Interpreting how convnets decompose an input image
Visualizing the filters learned by convnets
Visualizing areas in an image responsible for a certain classification decision
A fundamental problem when building a computer vision application is that of interpretability: why did our classifier think a particular image contained a refrigerator, when all we can see is a truck? This is especially relevant to use cases where deep learning is used to complement human expertise, such as medical imaging use cases. This chapter will familiarize you with a range of different techniques for visualizing what convnets learn and understanding the decisions they make.

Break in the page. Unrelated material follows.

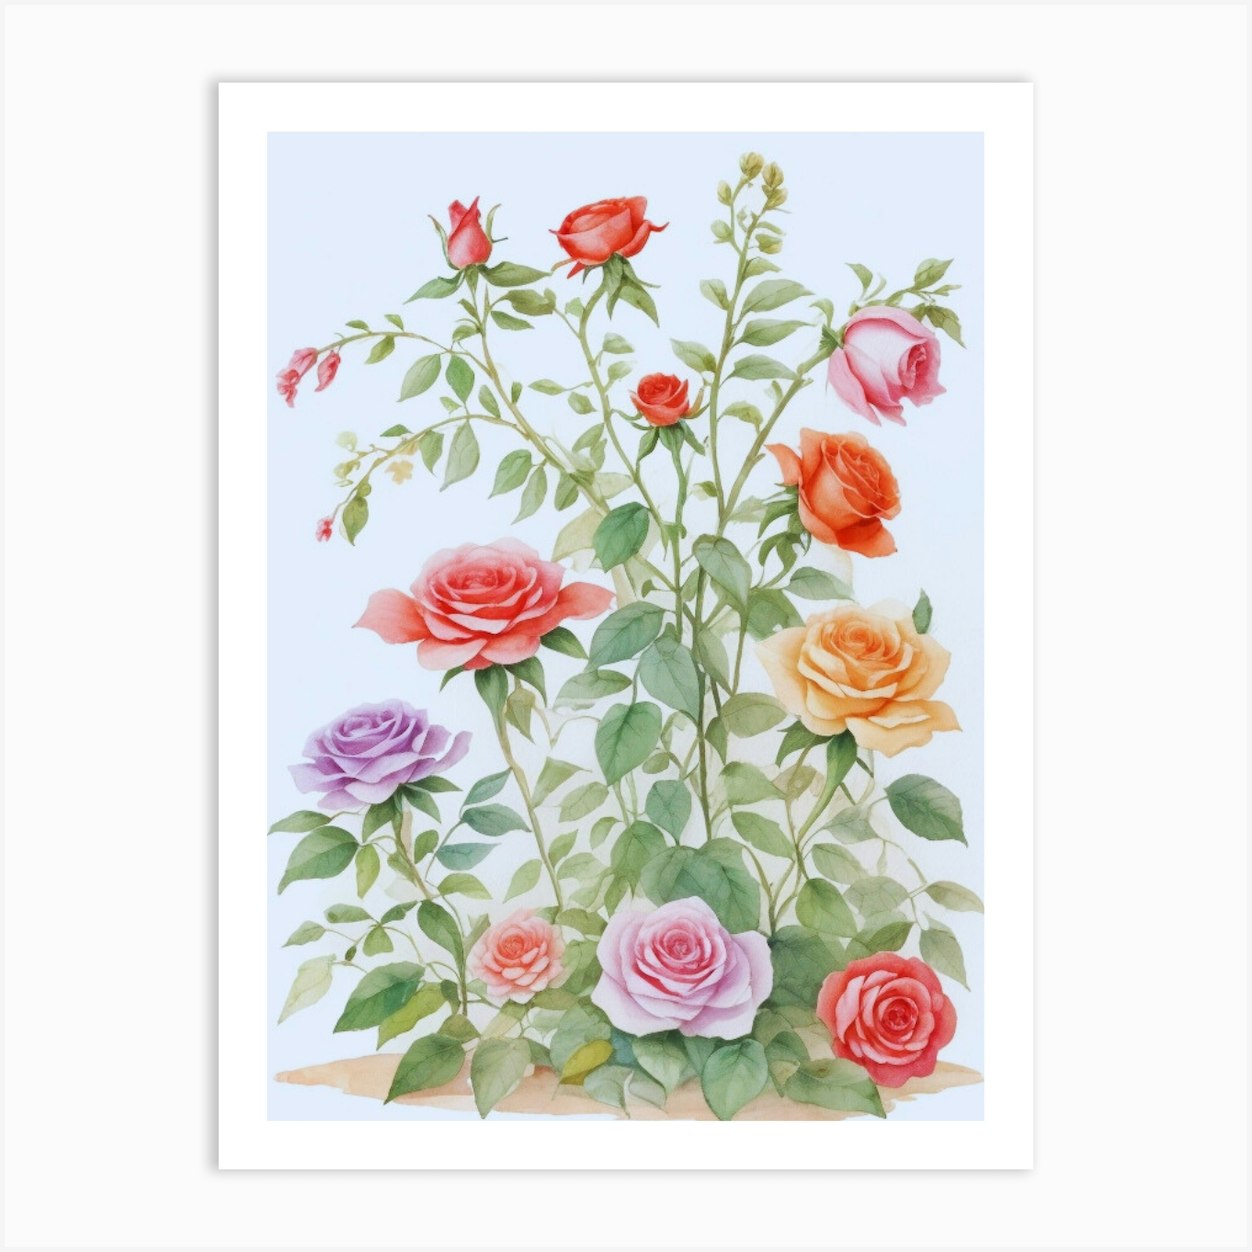 Watercolor Beautiful Roses Art Print by Artistcom - Fy

It’s often said that deep learning models are “black boxes”: they learn representations that are difficult to extract and present in a human-readable form. Although this is partially true for certain types of deep learning models, it’s definitely not true for convnets. The representations learned by convnets are highly amenable to visualization, in large part because they’re representations of visual concepts. Since 2013, a wide array of techniques has been developed for visualizing and interpreting these representations. We won’t survey all of them, but we’ll cover three of the most accessible and useful ones:
Visualizing intermediate convnet outputs (intermediate activations)—Useful for understanding how successive convnet layers transform their input, and for getting a first idea of the meaning of individual convnet filters
Visualizing convnet filters—Useful for understanding precisely what visual pattern or concept each filter in a convnet is receptive to
Visualizing heatmaps of class activation in an image—Useful for understanding which parts of an image were identified as belonging to a given class, thus allowing you to localize objects in images
For the first method—activation visualization—we’ll use the small convnet that we trained from scratch on the dogs vs. cats classification problem in chapter 8. For the next two methods, we’ll use a pretrained Xception model.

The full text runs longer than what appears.